The Return of Doggerland?

 “We estimate raising Dogger Bank would cost £97.5bn, but would bring present value benefits of £622bn. Under the government’s standard method of cost-benefit analysis, this project would get a go-ahead, with a cost-benefit ratio of 6.2.”

https://modelthinking.substack.com/p/a-new-atlantis

For reference: Doggerland @ Wikipedia

“this story is of a time beyond the memory of man, before the beginning of history, a time when one might have walked dryshod from France to England.”

In 1897 H.G. Wells set his book “A Story of the Stone Age”,

Humans, hunter-gathering Neanderthals, lived in Doggerland 10,000BC – 7,500BC.

Geological surveys have suggested Doggerland stretched from what is now the east coast of Great Britain to what are now the Netherlands, the western coast of Germany and the peninsula of Jutland.[2] It was probably a rich habitat with human habitation in the Mesolithic period.

The archaeological potential of the area was first identified in the early 20th century, and interest intensified in 1931 when a fishing trawler operating east of the Wash dragged up a barbed antler point that was subsequently dated to a time when the area was tundra.

UK Archeaologists from Europes Lost Frontiers project are using seabed mapping (originally created by oil and gas companies) to create 3D renderings of 17,000 square miles of Doggerland. Including rivers, lakes systems.  Extracting core samples via survey ships to hopefully capture DNA from the plants and animals that lived there – including wooly rhinoceroses in addition to the wooly mammoths and hunter-gathering Neanderthals.

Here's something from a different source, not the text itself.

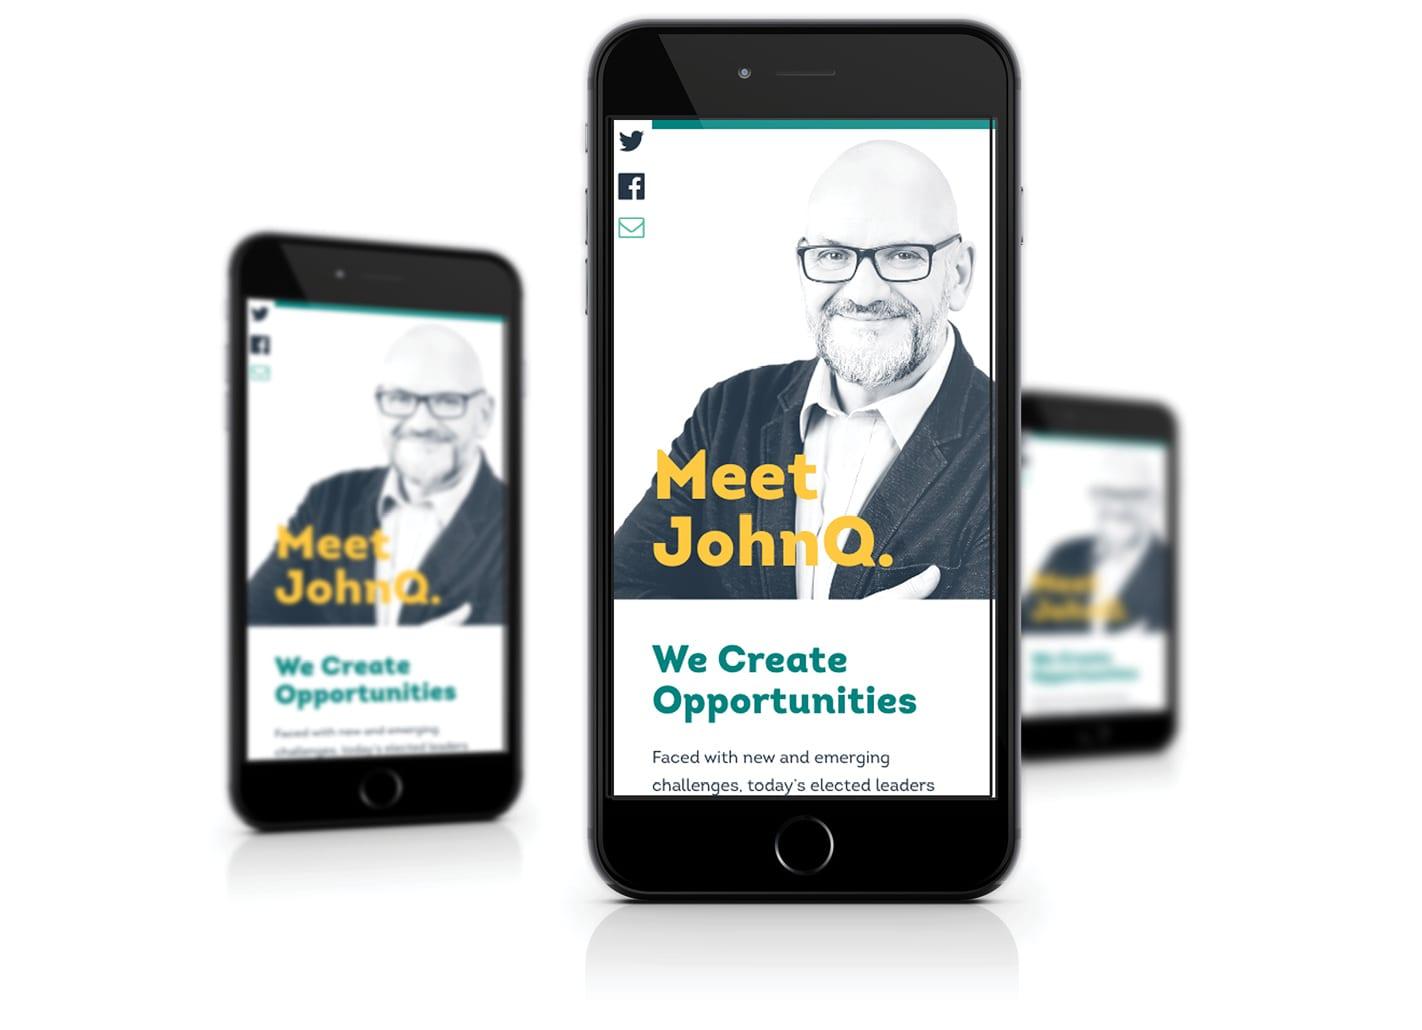 johnq_mobile
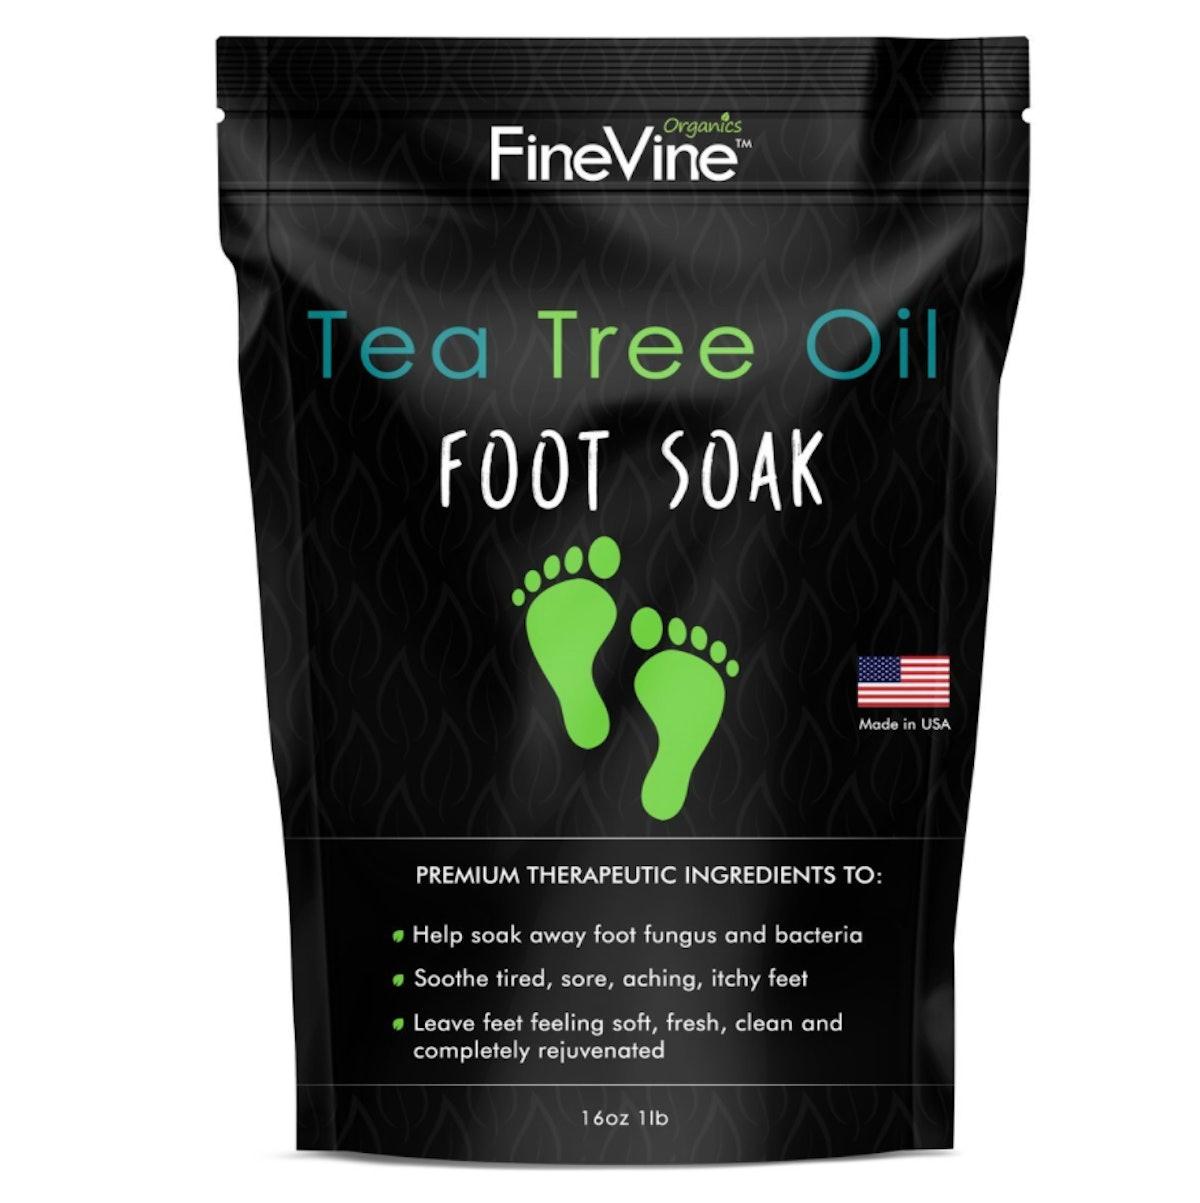 FineVine Organics Tea Tree Oil Foot Soak with Epsom Salt

Vessels have since dragged up remains of mammoths, lions and other animals, and a few prehistoric tools and spearpoints, arrowheads, 

Evidence gathered allows study of past environments, ecological change, and human transition from hunter-gatherer to farming communities

It was flooded by rising sea levels around 6500–6200 BCE.

What caused the sea level to rise 180feet? (6 feet every 100 years for 3,000yrs)

The three Storegga Slides are amongst the largest known submarine landslides.

They occurred at the edge of Norway’s continental shelf in the Norwegian Sea, approximately 6225–6170 BCE.

The collapse involved an estimated 180 mi length of coastal shelf, with a total volume of 840 cu mi of debris, which caused a tsunami in the North Atlantic Ocean.

The flooding immediately turned Doggerland into an island, then, eventually the sea swallowed the island.